I've worked on LSTM trainers in the past and found I could develop reliable training procedures for them, the literature tends to show these often beat the "fine tuned BERT" by a bit, so I am really interested in making one that "just works", like you give it documents as your X and your judgements as y and it will train a bunch of models and give you the best.

https://scikit-learn.org/stable/model_selection.html

password4321•5mo ago
Thanks for the details on text classification!

> I want a system that a person who just has text and judgements can push a button and get a good classifier

This seems very practical. These systems could add a lot of additional value filtering sites like HN to follow the trends for technologies someone is interested in, or drilling down into popular trends as a tool to find what to generate content about when building an audience.

password4321•5mo ago
I am not working on:

- An entirely user-mode Docker container runtime for Windows, which based on my initial research would have to be qemu running Linux slowly. Maybe it could all be WASM'd into the browser (even more slowly)? The interesting part there would be interfacing storage/networking vs. the browser.

- Nested Windows RDP X509 [smart card] authentication through Guacamole or other browser-based RDP client into another RDP session.

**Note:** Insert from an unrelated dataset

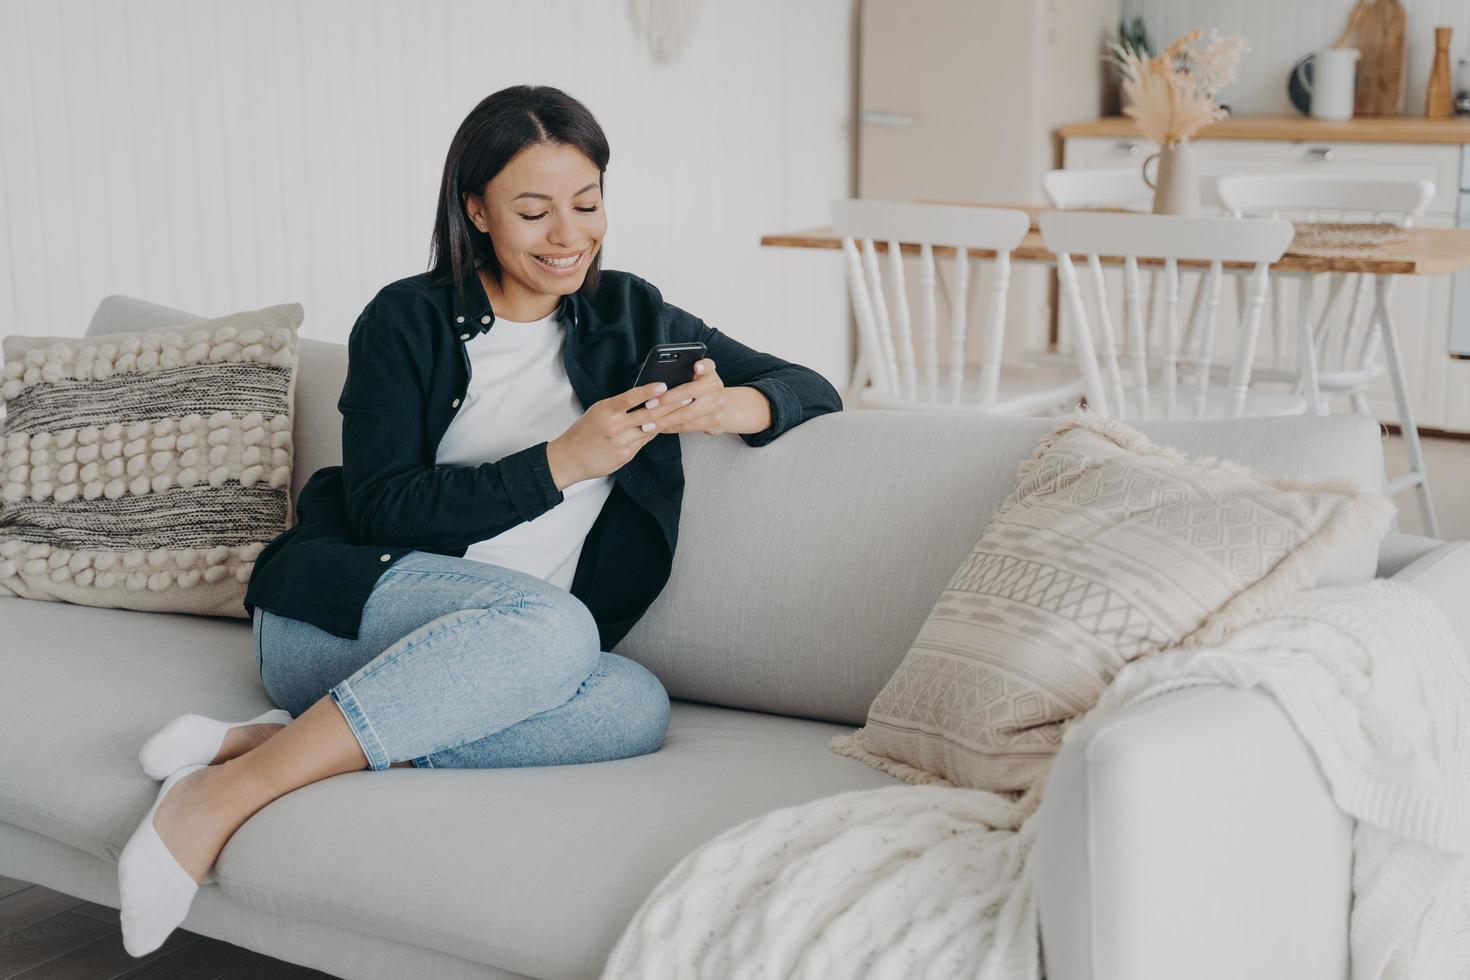 une femme souriante utilise des applications téléphoniques, discute sur les réseaux sociaux, fait des achats en ligne, s'assoit sur un canapé à la maison photo

- Free backup as formerly offered by CrashPlan "Home Family" sharing ended in 2017, using empty hard drive space of people you know and trust. Version 2 would support a virtual file system allowing specifying the number of redundant copies of replaceable rarely/never used operating system and software files to pull over the network when needed instead of duplicating on all computers, ideally with a slider choosing between disk space and network bandwidth. I considered licensing VirusTotal so my file system for anything that might exist on another computer is basically a SHA256 hash list + local cache, but that costs enough it would have to be a commercial business.

- My no longer supported Amazon Glow, a $250 refunded Amazon experiment that was the most awesome piece of technology connecting children with their relatives I've ever seen. I'd like to be able to deploy my own software but I'm guessing it remains as locked down as the Echo etc. https://www.reddit.com/r/hardwarehacking/comments/119acbh/re... https://instrumental.com/resources/teardown/amazon-glow/

mathiaspoint•5mo ago
Anything that involves a large corporation. Everything they touch just gets worse and it's not like they're even effectively extracting rent. It's all just incompetent administration sucking oxygen out of everything.